Continuously Interconnected N-Doped Porous Carbon for High-Performance Lithium-Ion Capacitors

Abstract

Lithium-ion hybrid capacitors (LICs) possess the fascinating characteristics of both high power density and high energy density simultaneously. However, to design highly compatible cathode materials with a high capacity and anode materials with a high rate performance is still a major challenge because of the mismatch of dynamic mechanisms, greatly limiting the development of LICs. Herein, we report an N−doped porous carbon (N−PC) with a continuously interconnected network as the cathode, matching the dynamic mechanism of the uniquely pseudocapacitive T−Nb2O5 anode without diffusion-controlled behavior. This heteroatom-grafting strategy of the cathode can effectively control the dynamic process to adjust the ion transport efficiency, shortening the gap of kinetics and capacity with the anode.

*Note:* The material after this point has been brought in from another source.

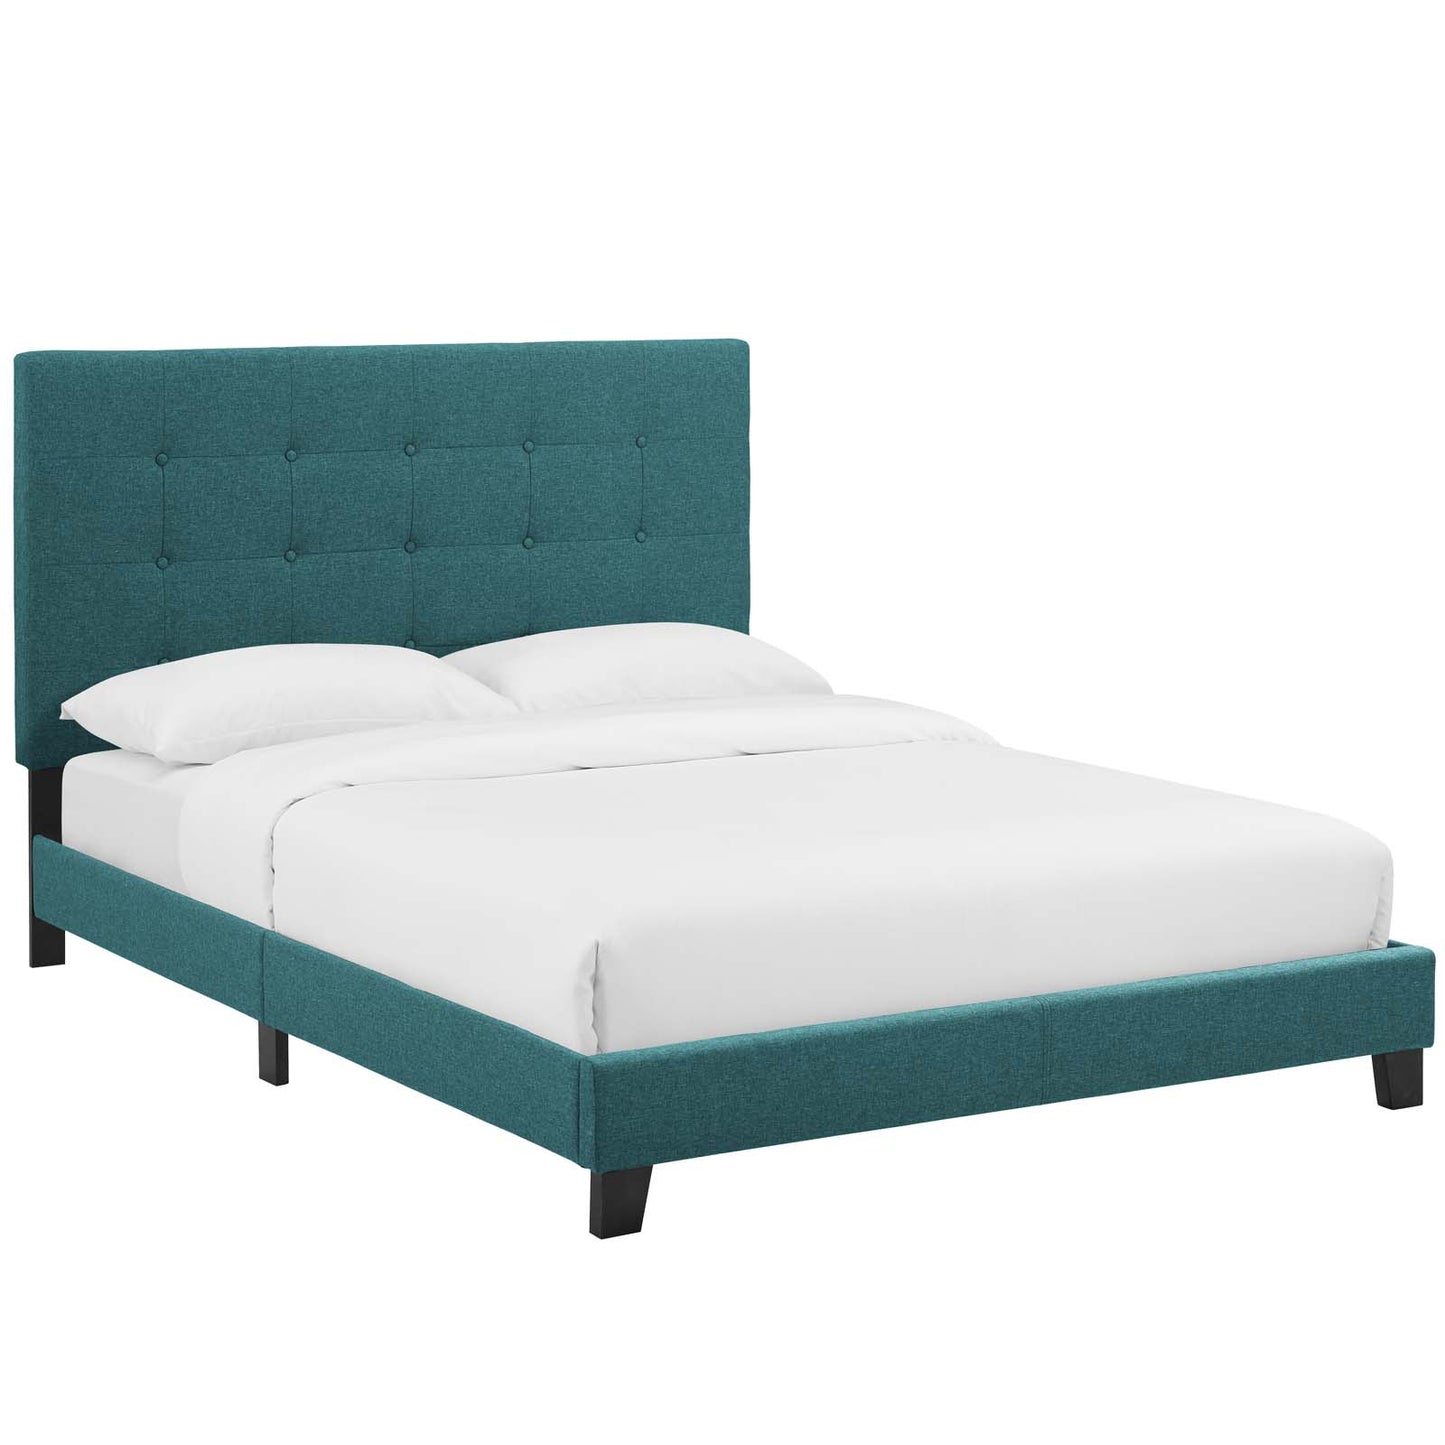 Melanie Twin Tufted Button Upholstered Fabric Platform Bed Teal MOD-5877-TEA

For the energy storage application, the as-prepared N−PC cathode demonstrates an appreciable capacity of 62.06 mAh g−1 under a high voltage window of 3 V to 4.2 V, which can exceed the capacity of 25.57 mAh g−1 for porous carbon without heteroatom doping at the current density of 0.1 A g−1. Furthermore, the as-developed lithium-ion capacitor possesses an outstanding electrochemical performance (80.57 Wh kg−1 at 135 W kg−1 and 36.77 Wh kg−1 at 2.7 kW kg−1). This work can provide a new avenue to design cathode materials with a highly appreciable capacity and highly compatible kinetic mechanism, further developing high-performance lithium-ion capacitors.